I have been trying to let it go when he says or does something that is really mean and then pretends that it didnt happen minutes later. I think if he is letting it go maybe he didnt mean to be so rude to me. This is hard though because I get so sad when all of it builds up without resolution and usually start crying. 

This morning he started yelling about me only doing the laundry in the laundry basket Sunday and that he would have added his clothes if I had asked. I went to ask for his clothes and he yelled so I told him that I didnt care if his laundry was done or not. He could have stopped me and given me his laundry but he didnt. Then the next day he told me he would need his laundry done. I told him that maybe he should do it the next day. He forgot and so did I so now today it is my fault again. I should explain that I work part time 4-5 mornings a week only about 20-30 hrs a week and take one online class (his), and he is taking 5 classes and not working. Also yesterday he was home by himself until noon.

When he was getting ready leave I asked if it was ok if we grocery shopped Thursday, since we would be driving to a larger town near us that day anyway to buy a new stove. He told me that he wasnt sure he wanted to buy it anymore because I had been treating him badly. Ours does not work. I have been cooking in small appliances for months waiting to buy this. I dont think that he should be able to make me cook in a wok because we had a disagreement. It really upset me, but I just said whatever and left the room. A few minutes later he came to the bathroom and asked why I was sitting on the sink. I guess he wanted to see me upset.

Last Friday he got mad because I was supposed to bring lunch home but I thought he may be happier if we tried a new restaurant that he wanted to try so I came home and suggested it. He didnt want to, so I told him I would go get whatever he wanted, but he said it was too late for that. Then he started yelling about how the baby was too hard to care for and how unfair everyone is to him (taking care of the baby is all he does, he doesnt cook or clean at all) and when he was done I just walked to the car and sat there. It made me feel better being alone out there. He came to the door twice, the second time he told me to get inside because I was embarrassing him. 15 minutes later he suggested what he wanted for lunch and I went to get it.

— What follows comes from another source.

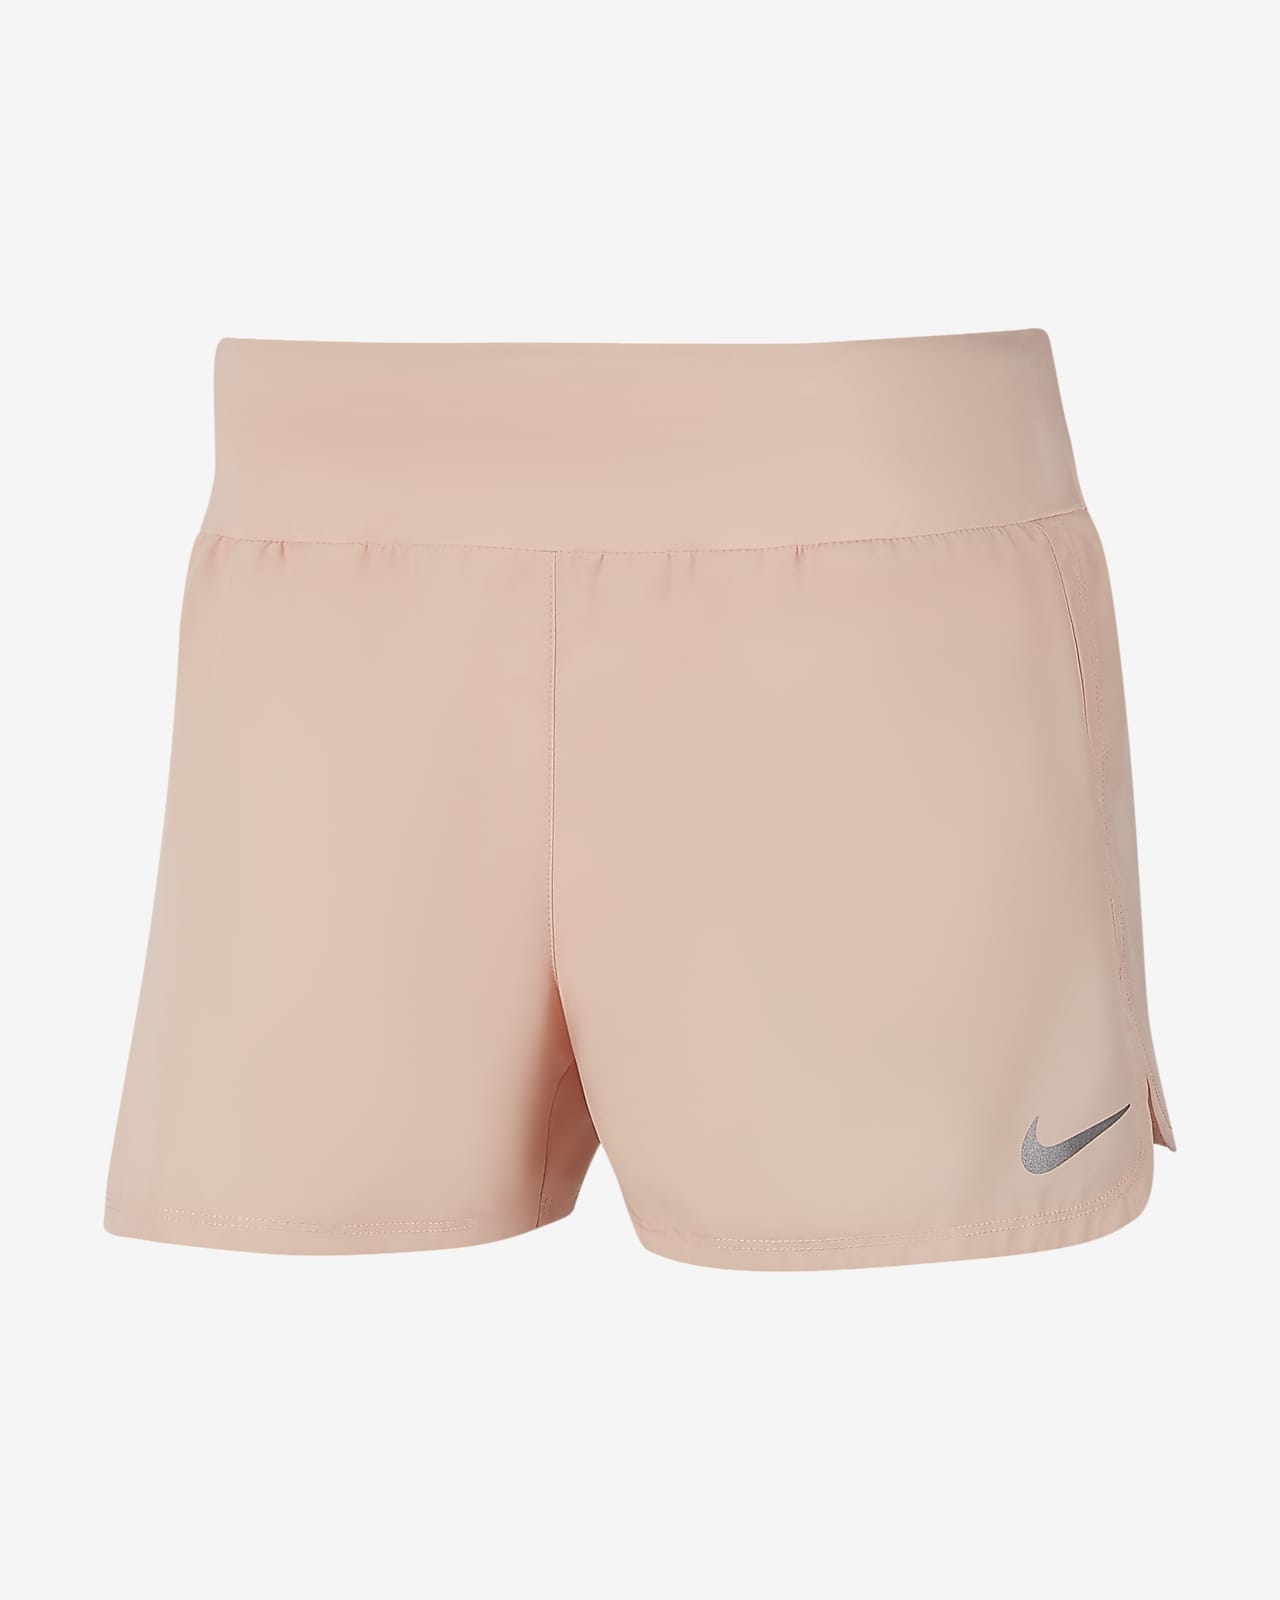 nike clothes on sale womens

I could go on forever but these are a few specific examples. How do I get him to see my opinion and acknowledge it even if he disagrees? It would also be helpful to know how to show him that his 5 classes are not an excuse to not help around the house, and that when he yells it always hurts me. Please dont suggest that I just tell him or write him a note that is specific about my feelings. I have tried these things and must be doing them wrong. I need to know specifically how to do them the right way.


----------



## dobo (Jun 30, 2009)

OK. Too many things. Let's try to boil this down to a few key issues.

You feel that he is in control of the money and that you have no say or ability to buy things for yourself. I'm guessing you have to ask him for money and that you are a stay-at-home mother.

He feels that you nag him about everything, and that this is his money and he resents having to answer to you about things like $72/month.

He is feeling the weight of being a husband and a father.

Also can you tell me if he does anything right in your opinion?


----------



## sisters359 (Apr 9, 2009)

If he is trying to take care of the baby while doing his course work, it is not likely to work. Part-time school, maybe, but even that is a challenge for a mature adult and, frankly, your husband does not sound very mature. 

I think you are trying to do too much, all at once--classes and a baby, plus a part-time job for one of you. It might work better for one of you to put school on hold for a bit and work full-time while the baby is in day care and the other parent goes to school. You can switch roles in a couple of years. The full-time student needs to take as many credits/classes as s/he can to get through his/her program as fast as humanly possible (including summer).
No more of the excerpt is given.